Coming to the question, whether Ex.2/A was executed through coercion or threat as we have discussed hereinabove, Ex.2/A was executed by the deceased in hospital where apart from PW 2 to 3 & advocate who executed Will, hospital staff were available and it is not possible that in a hospital which is a public place one can extend threats or under coercion got document executed against will of the executor. As regards the mental capacity of the deceased at the time of execution of Ex.2/A Dr. Roohani Sattar (Ex.7) appeared in witness-box as a doctor from Karachi Adventist Hospital where deceased was under treatment, make a statement that deceased was his a patient since 1991 for high-blood pressure and in May 1995 deceased saw her with a complaint of shortness of breath and 9.07.1995 he was admitted through casualty with shortness of breath, pain in the chest and haemeptysis . She further stated in her cross-examination that he used to talk with her on her visits and was orientated in time and place and understood queries and was able to talk with her about the problems. She also confirmed in respect of certificate issued by her Ex.2/Q dated 13th August 1995 by which deceased was permitted to go outside the hospital.
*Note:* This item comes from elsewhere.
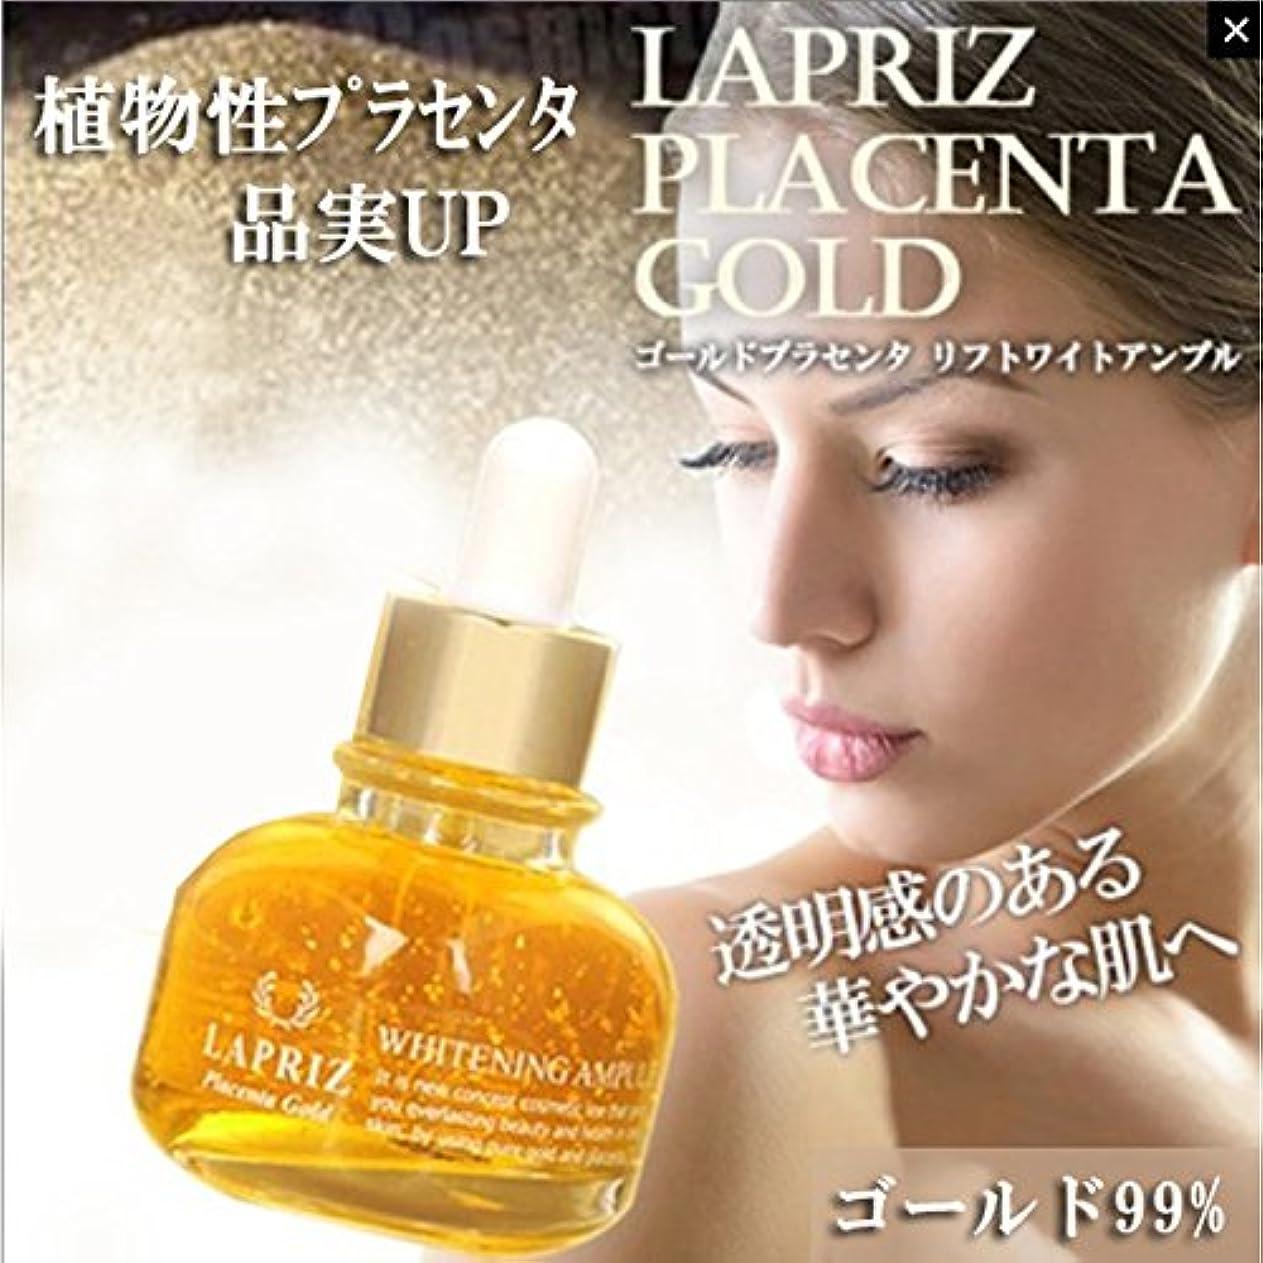 狐疼痛恋人【LAPRIZ/ラプリズ】プラセンタゴルードホワイトニングアンプル99.9% ゴールド

In the said exhibit witness Dr. Roohani Sattar endorsed that she allowed the deceased to go outside the hospital to visit the Company on 27/7/1995 i.e. day after the execution of Will E.2/A. One Fahim Abbas personal officer in Siemens (Pakistan) Engineering Co. Limited Karachi where deceased was working also appeared in the witness-box (Ex.5) stated that he met the deceased in the company as he wanted to change his nomination. From these evidences it is established that Ex.2/A was exhibited by the deceased on 26/07/1995 and on the very next day deceased visited the company to appoint appellant as his nominee in place of the respondent in the office record, and there is no evidence on record to say that said document was executed under coercion or threat.
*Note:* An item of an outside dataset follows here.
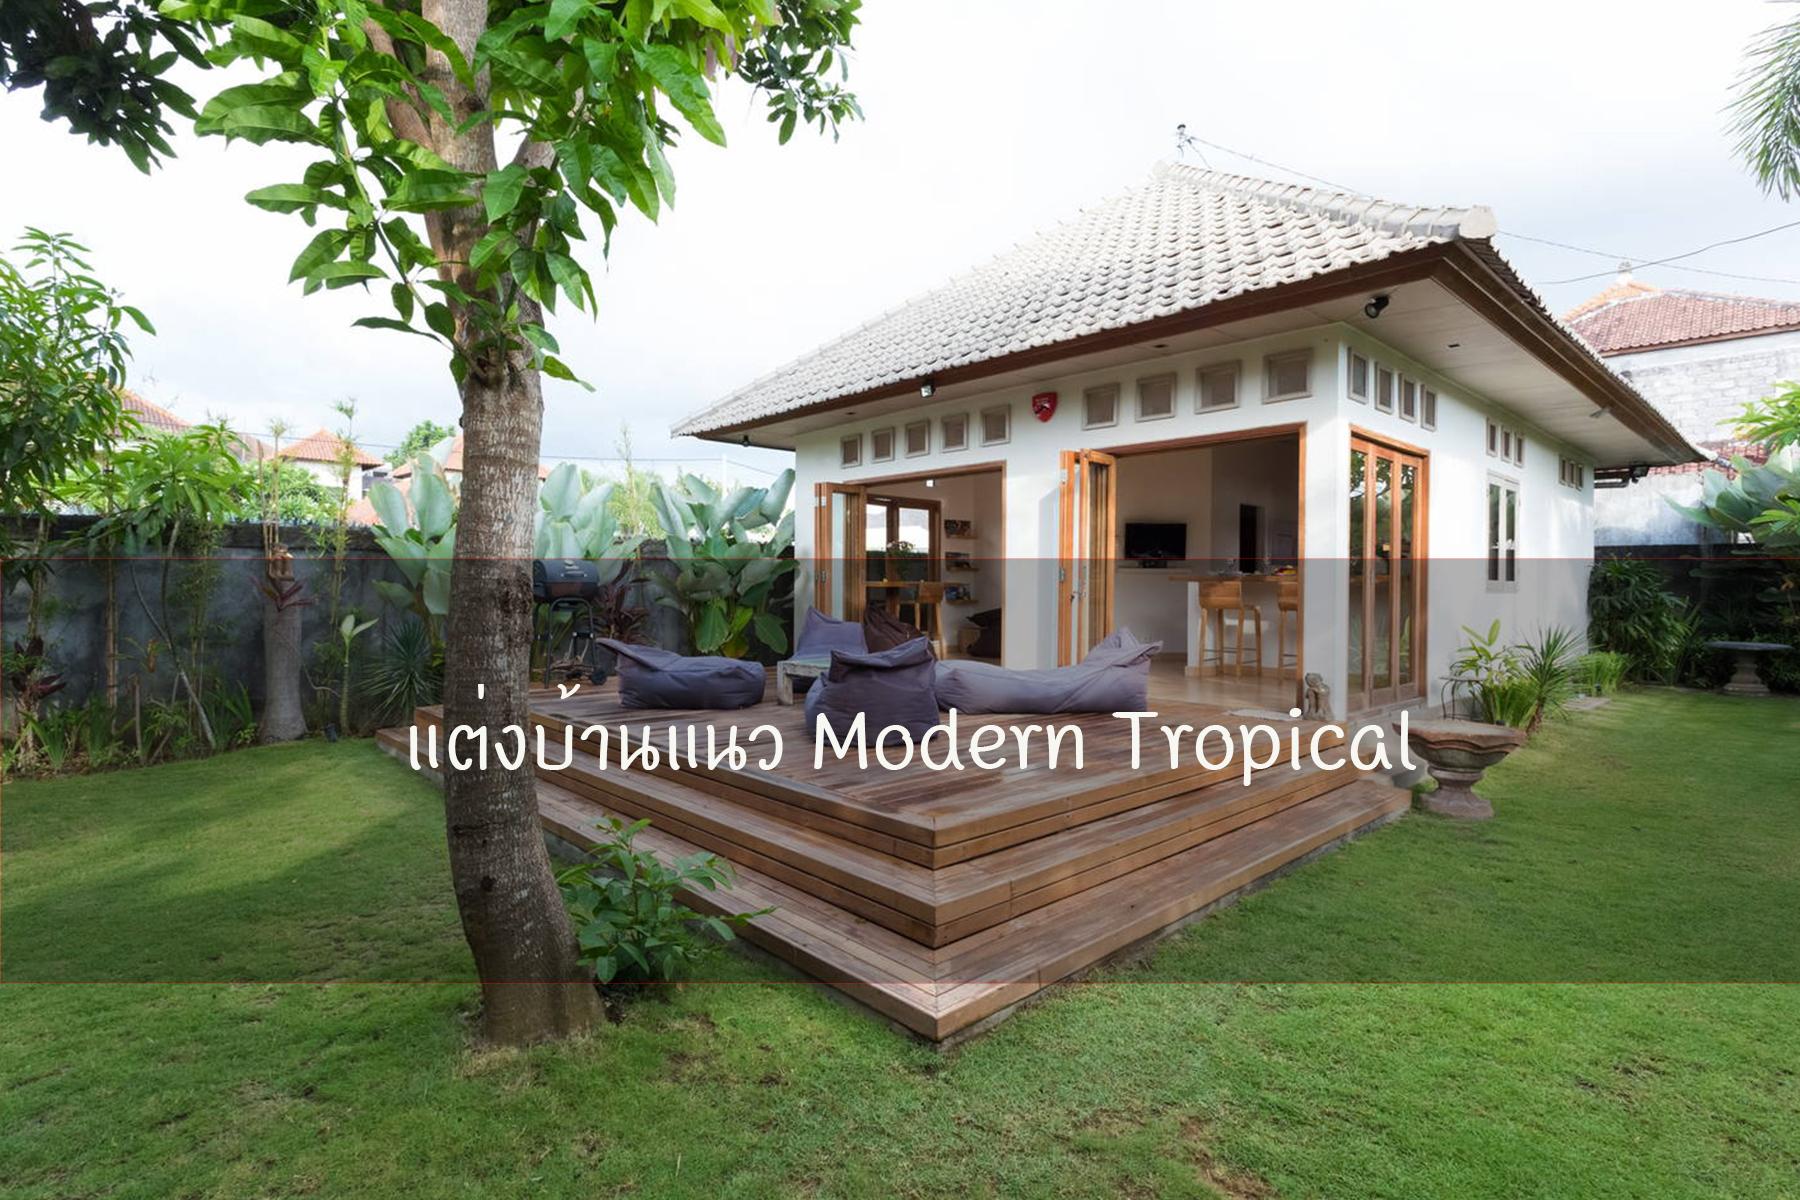 แต่งบ้านแนว Modern Tropical เปลี่ยนบ้านมาเป็นเขตร้อนชื้นกันดีกว่าTrendy Home แต่งบ้าน ปรับคอนโด

Now, we will deal with the question, whether Ex.2/A is a document by which deceased nominated appellant for the purpose to withdraw benefits, dues gratuity and provident fund etc. in credit of serves rendered or deceased want to transfer benefit to appellant.
It was alleged by the respondent that certain additions and alterations have been made in the document Ex.2/A like in the second part of the said part of the said document it was stated that “ as my nominee and authorize him to withdraw all my benefits, dues, gratuity, provident fund etc.” the correction was made in writing ‘draw” i.e. withdraw which makes senses that without phrase ‘draw’ no sense is made out to a sentence hereinabove. Document was written in handwriting of the advocate of this court duly attested by two witnesses, who appeared in the witness box, make a statement that document was executed on the direction of the deceased and necessary corrections were also made under his instructions. From heading of Ex.2/A letter addressed to Manager, Labour &Personnel, Siemens Pakistan Engineering Co. Ltd. Karachi “Will in favour of Hamid-dul-Haq Javed Mian nominee/beneficiary from this very heading it appears that the appellant was not appointed only as nominee for the purpose of collecting deceased dues from the company but also appointed as beneficiary of the amount lying in his account in he said company. If the intention of the executor was that the appellant should only collect the amount as nominee and then distribute the same among the legal heirs then there were no occasion for him to change the name of original nominee i.e respondent who is the only surviving legal heirs of the deceased.
For the foregoing reasons, impugned order is set aside and suit No.120/98 is decreed as prayed with no order as to costs and suit No.119/98 is dismissed.